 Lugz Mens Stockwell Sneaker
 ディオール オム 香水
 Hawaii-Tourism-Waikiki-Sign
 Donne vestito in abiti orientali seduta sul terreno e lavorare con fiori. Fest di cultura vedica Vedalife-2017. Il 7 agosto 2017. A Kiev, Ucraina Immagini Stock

━━━━━━━━━━

• _What to do_: Please return only the lines from the one with "Hawaii-Tourism-Waikiki-Sign" through the end of the listing, each exactly as written, first and last included.

• _Solution for this exercise_:
 Hawaii-Tourism-Waikiki-Sign
 Donne vestito in abiti orientali seduta sul terreno e lavorare con fiori. Fest di cultura vedica Vedalife-2017. Il 7 agosto 2017. A Kiev, Ucraina Immagini Stock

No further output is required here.